In 2022 Rosanne celebrates 40 years as a professional photographer. During those years she has won many awards for her commercial and fine art work. She has also been featured in well-known publications such as Communication Arts and Graphis, among others. In 2008 Rosanne authored a book about women and body image titled This is Who I Am—our beauty in all shapes and sizes. She has also published books about portraiture (The Art of the Portrait) and lighting (ABCs of Beautiful Light). Rosanne has been teaching lighting, portraiture and creativity classes over the course of her career at PCNW, Santa Fe Workshops and many other venues. She occasionally mentors students who want to hone their skills in the art of photography. Rosanne is also a poet and singer-songwriter.

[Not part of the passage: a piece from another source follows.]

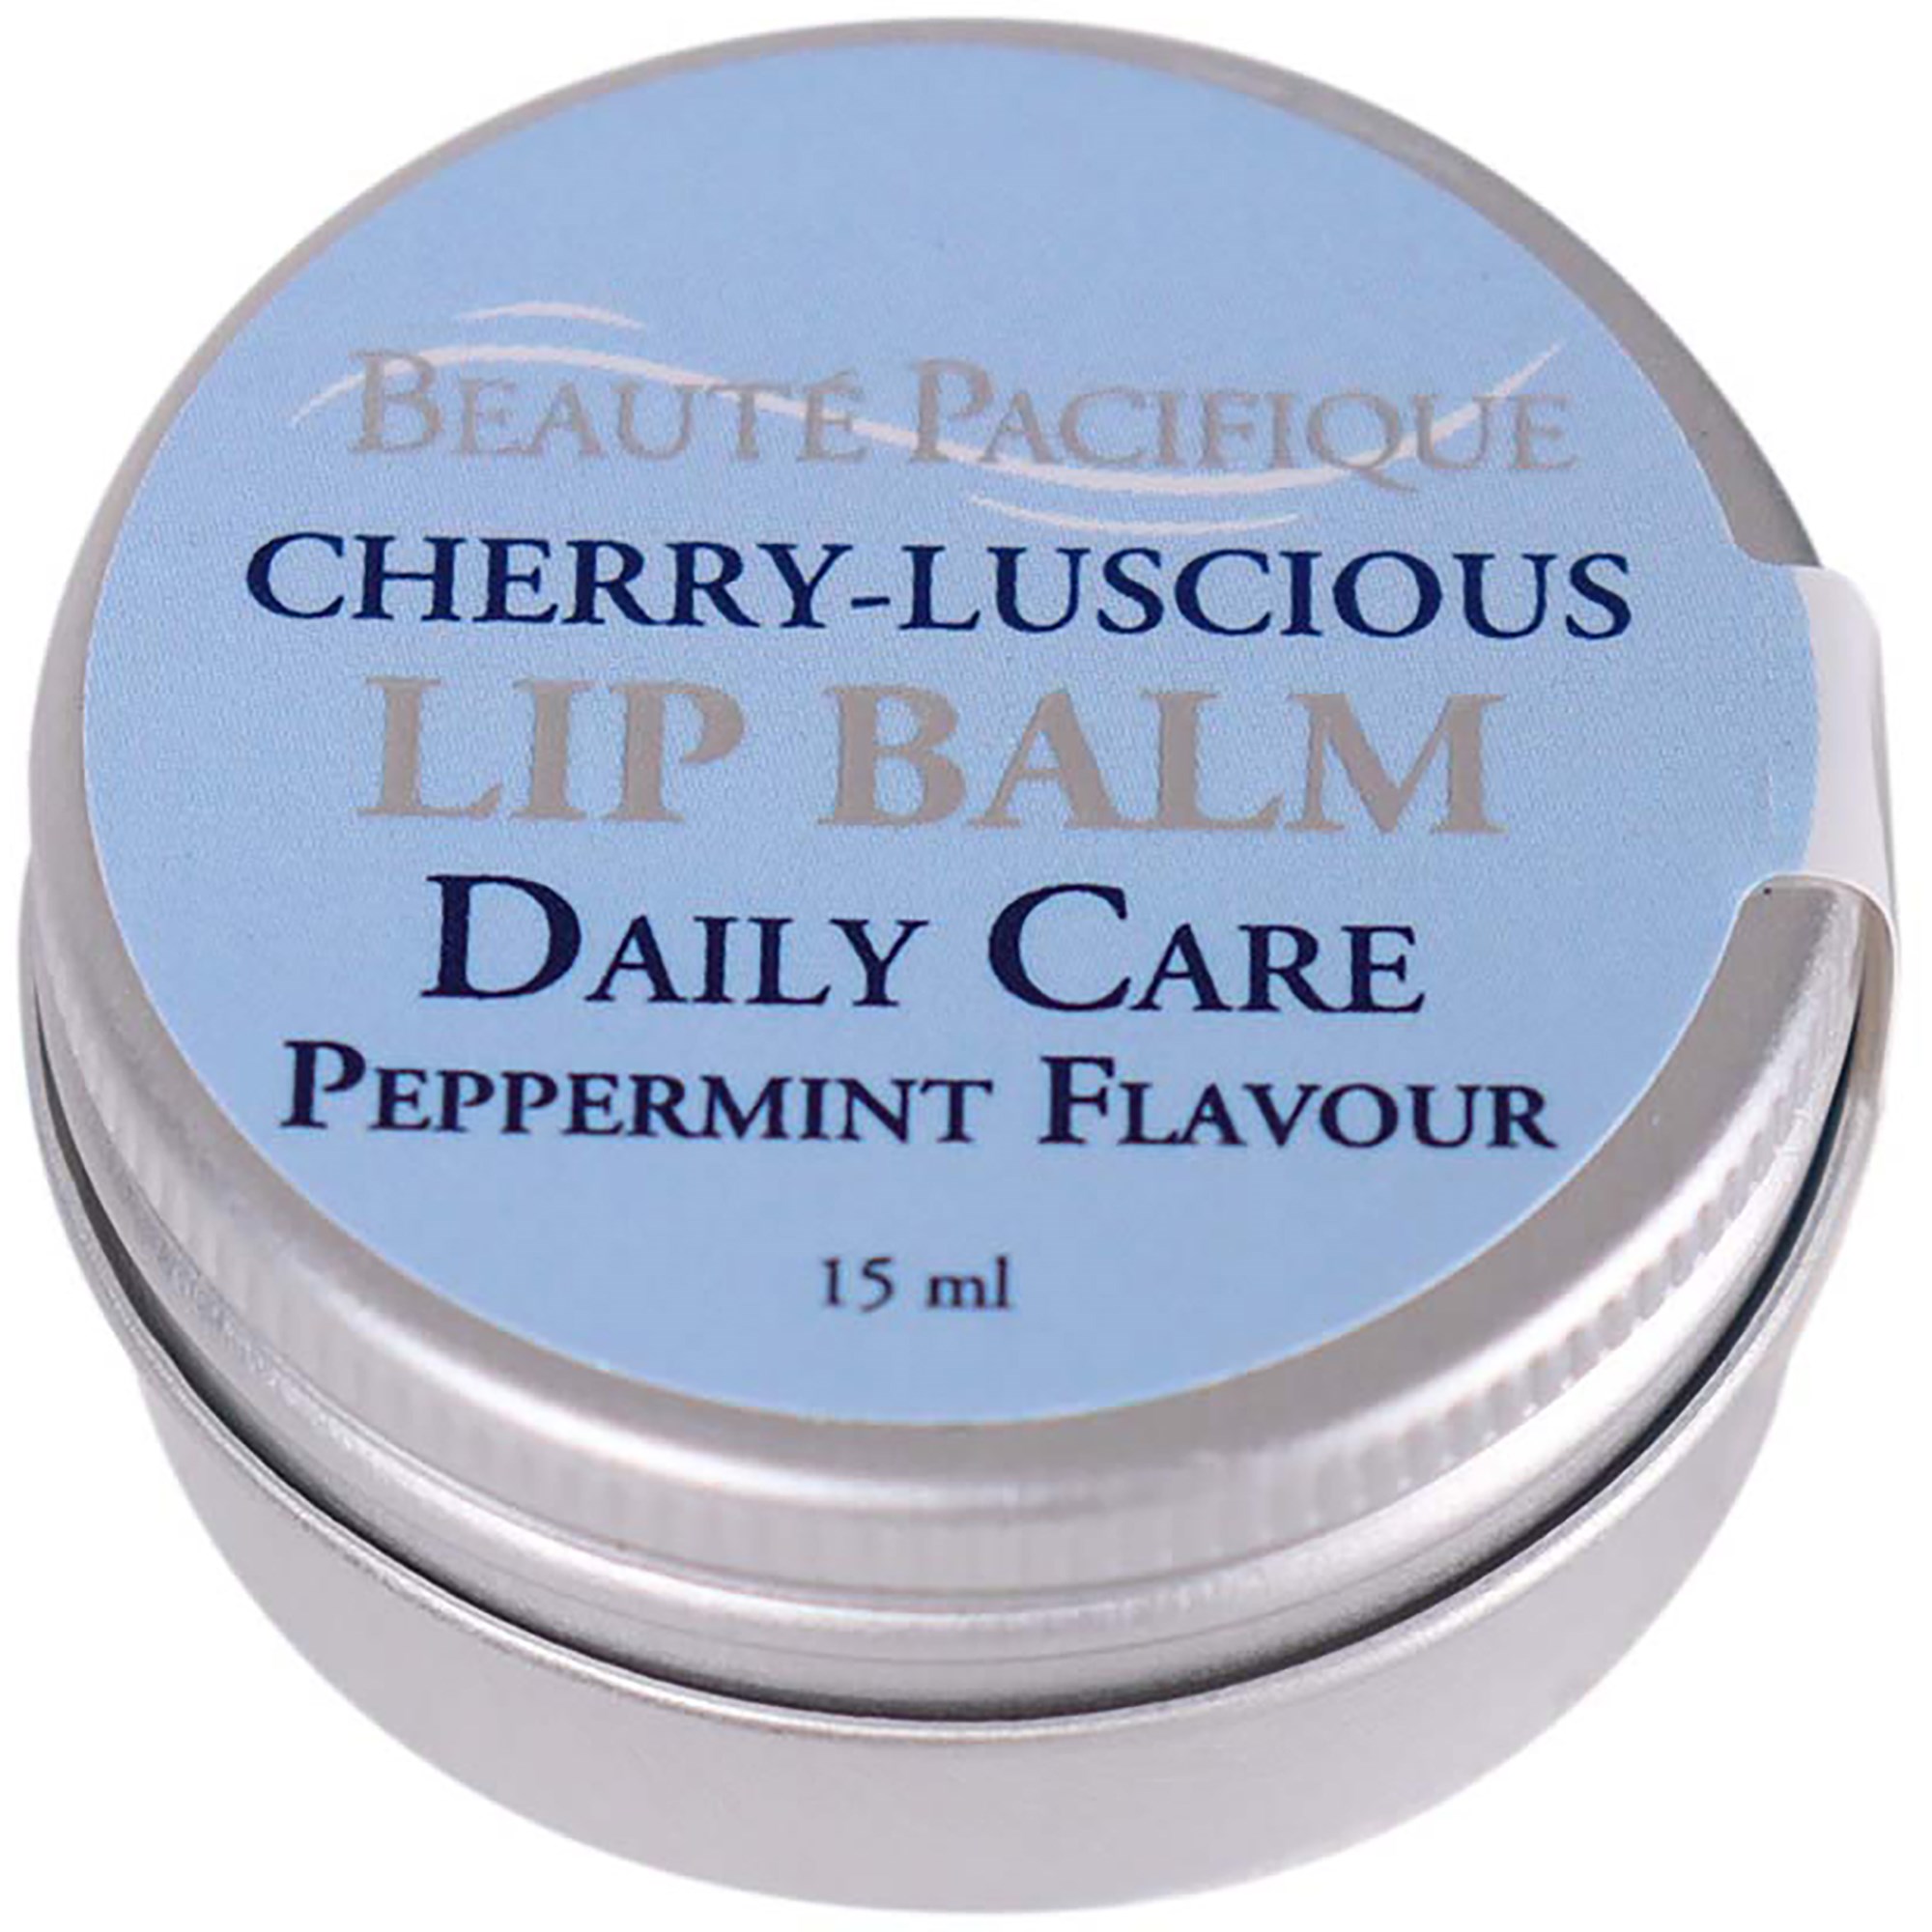 Bilde av Beauté Pacifique Cherry-luscious Lip Balm (peppermint) 15 G

Tegra Stone Nuess is an editorial and commercial photographer, specializing in travel and adventure. Her commitment is to capture authentic emotions and moments while crafting and creating images and videos that tell a story. Tegra’s work documents the wonder and drama of the wild outdoors and our interaction with it. Her photograph of a hiker in the North Cascades National Park was the top-selling Getty image of 2016 under the search term “woman.” She is also passionate about capturing the daily details that make life wonderful. From portraiture and lifestyle to food and restaurants, Tegra documents and celebrates who we are and how we live. Some of her favorite clients have been The New York Times, Backpacker Magazine, Saveur Magazine, Booking.com, UnCruise Adventures, and The Trust for Public Land.
Zorn Taylor is a portrait photographer, photographing humans and documenting community. Taylor makes portraits that build community by celebrating the stories of the human beings that comprise it. As an artist, Taylor’s attention is focused on how community is created and nurtured and grown. Taylor’s work describes a beautiful, expanding community and imagines how it could become even richer. Taylor is a believer in the beloved community and imagines a community that manifests through the actions we take to love, the words we use to describe that love and the narratives we weave about these relationships.